• [Raw data]
---
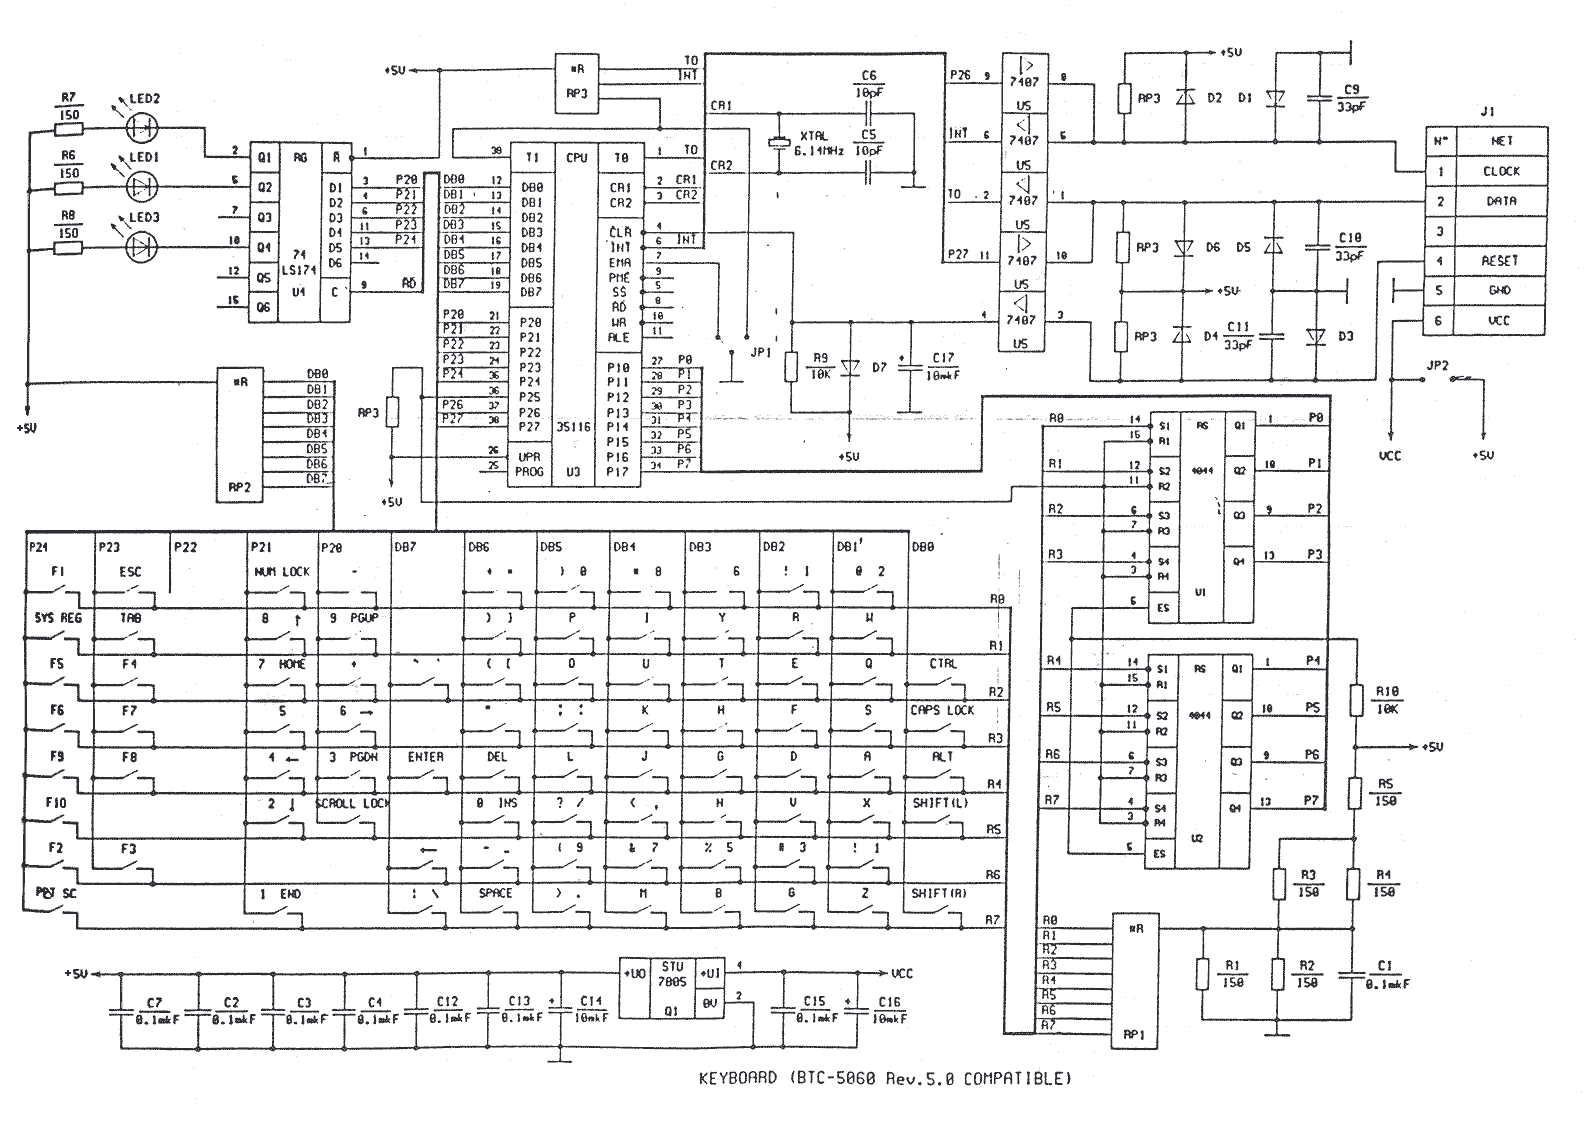 Основные компоненты общей функциональной схемы работы компьютера клавиатура монитор
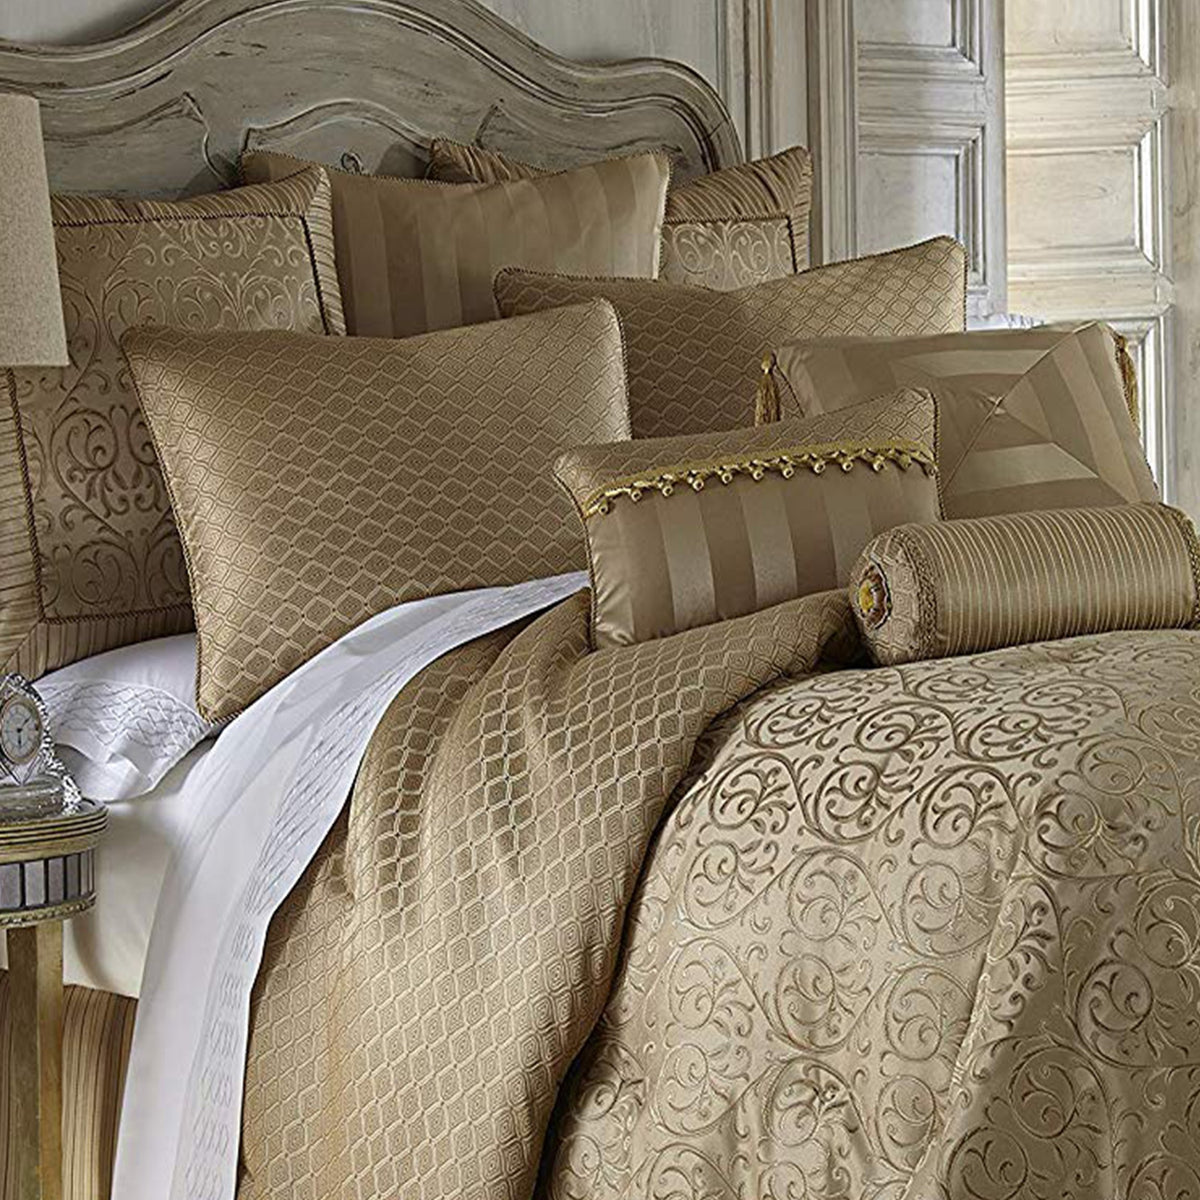 Grey And Gold Comforter Set : Sardinia Gold 4-Piece Comforter Set
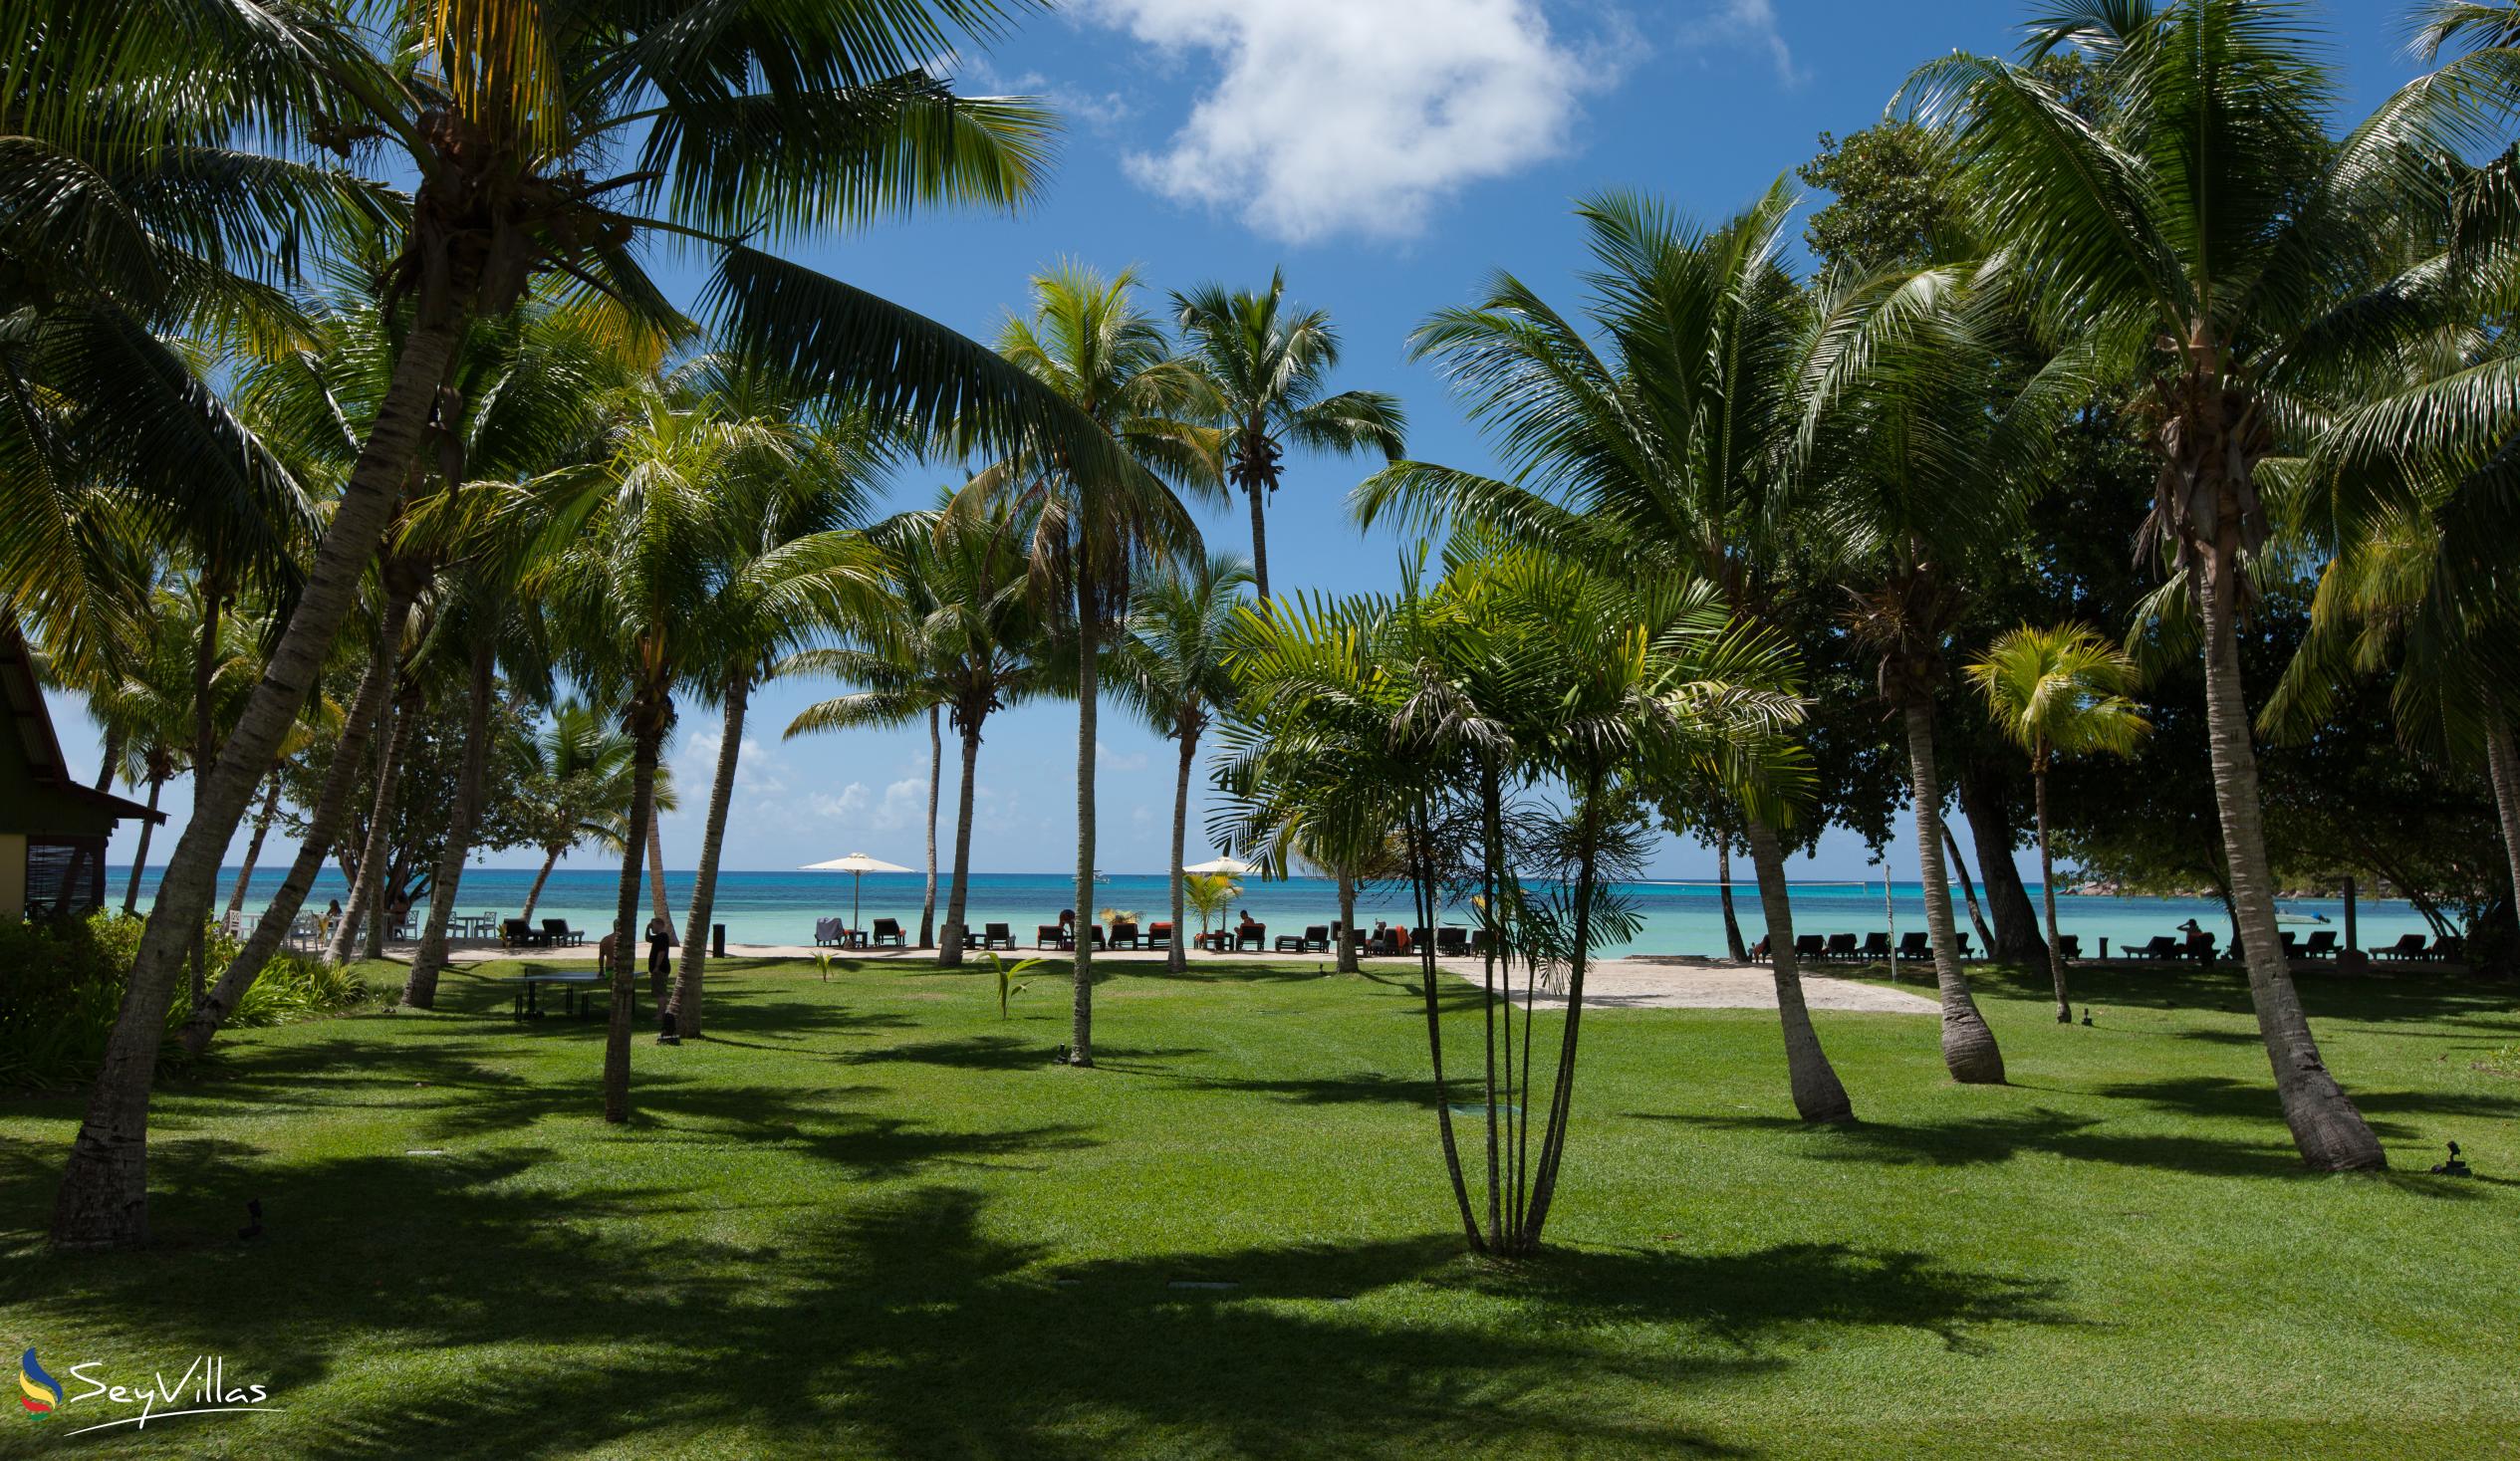 Foto 8: Paradise Sun Hotel - Aussenbereich - Praslin (Seychellen)
---
• [Problem statement] Transcribe, without alteration, each line from the one with "Grey And Gold" through the last line of the data; no pictures belong in the copy.

• [Solution for this task]
 Grey And Gold Comforter Set : Sardinia Gold 4-Piece Comforter Set
 Foto 8: Paradise Sun Hotel - Aussenbereich - Praslin (Seychellen)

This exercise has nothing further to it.